Firstly, it is important to consider that the profile of IPF patients is similar to the general profile of patients at higher risk for CV disease [35], due to the high prevalence of the most common CV risk factors, particularly older age, male sex, smoking history and hypertension, detected in these patients. AA dilatation is a common finding in arterial hypertension, affecting about 15% of hypertensive patients, and has been recently associated with a greater risk of CV events [16].

Secondly, it has been reported an association between poorer pulmonary function and higher arterial stiffness, likely mediated by circulating inflammatory mediators, such as CRP and IL-6 [36]. Given the positive correlation between arterial stiffness and aortic size demonstrated in individuals without overt heart disease [37], in hypertensive patients [38] and in patients affected by type 2 diabetes [39], it is likely that an increased arterial stiffness, frequently observed in IPF patients [19], may have an important role in inducing the AA dilatation in IPF patients.

A low-grade systemic inflammation, that is commonly detected in IPF patients [18,40,41], might contribute to, or trigger, the process of remodeling within vascular walls of the aorta, with peculiar involvement of the media and adventitia, leading to media atrophy, thinning and weakening of the aortic wall and finally aortic dilatation [42].

Moreover, as observed in young individuals [43] and in patients with essential hypertension [44], the increase in aortic diameters detected in IPF patients may be related to the increased left ventricular mass. Indeed, LV remodeling is strongly associated with the aortic wall remodeling: LV wall thickness, LVMi and diastolic dysfunction may all contribute to an increase in aortic diameters.
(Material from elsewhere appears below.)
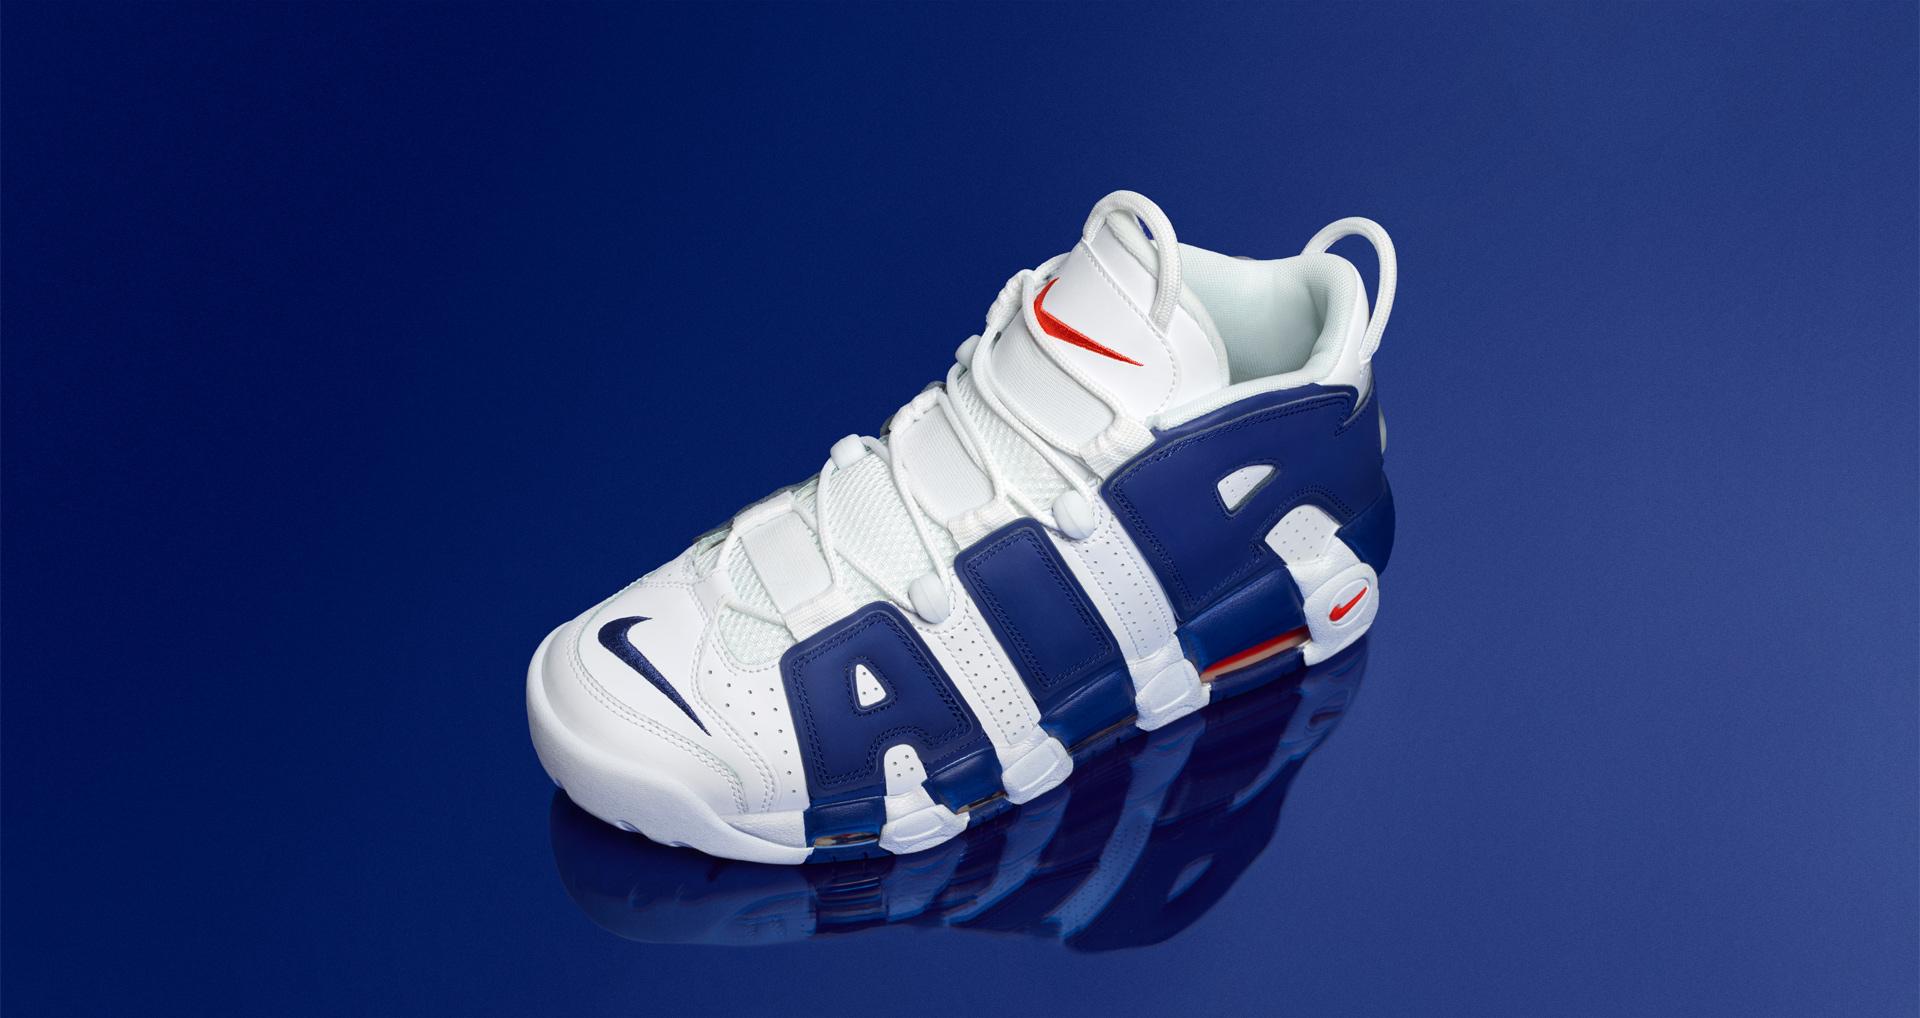 Nike Air More Uptempo 96 Knicks

Similarly to what described in the general population [45], subclinical atherosclerotic disease, particularly CAC score, could be another possible determinant of increased AA diameter in IPF patients.
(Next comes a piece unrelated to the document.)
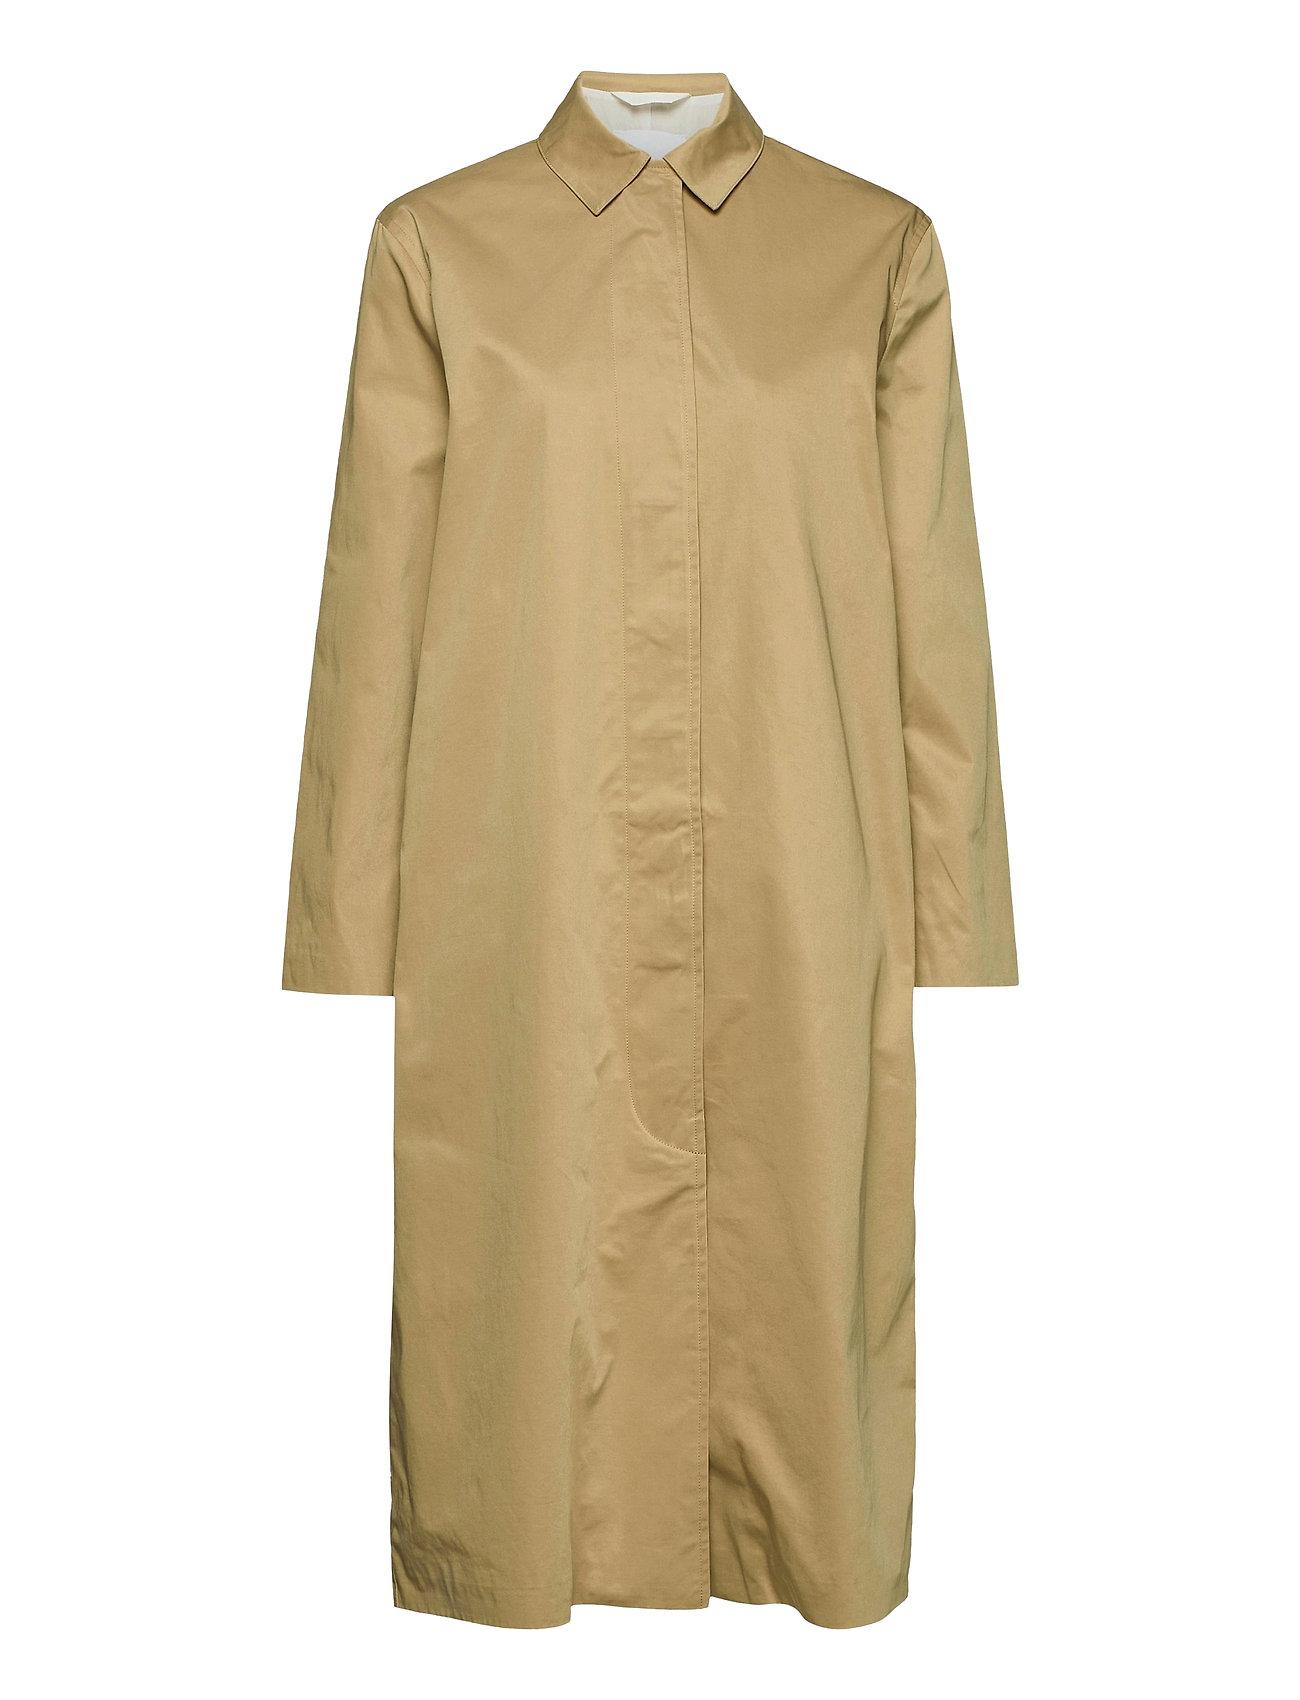 Samsøe Samsøe Minoux coat 12681 - CROISSANT

Aortic dilatation may also be promoted by prolonged corticosteroid treatment, that has been associated with aortic wall fragility due to its negative effect on collagen formation and connective tissue strength [46,47]. Furthermore, longterm steroid therapy can also stimulate increasing blood pressure therefore raising the incidence of hypertension.

Finally, it is not possible to exclude that a number of cases of AA dilatation detected in IPF patients may be related to positive family history and/or genetic disorders, including Marfan syndrome, Ehlers-Danlos syndrome, Turner’s syndrome, and bicuspid aortic valve [48].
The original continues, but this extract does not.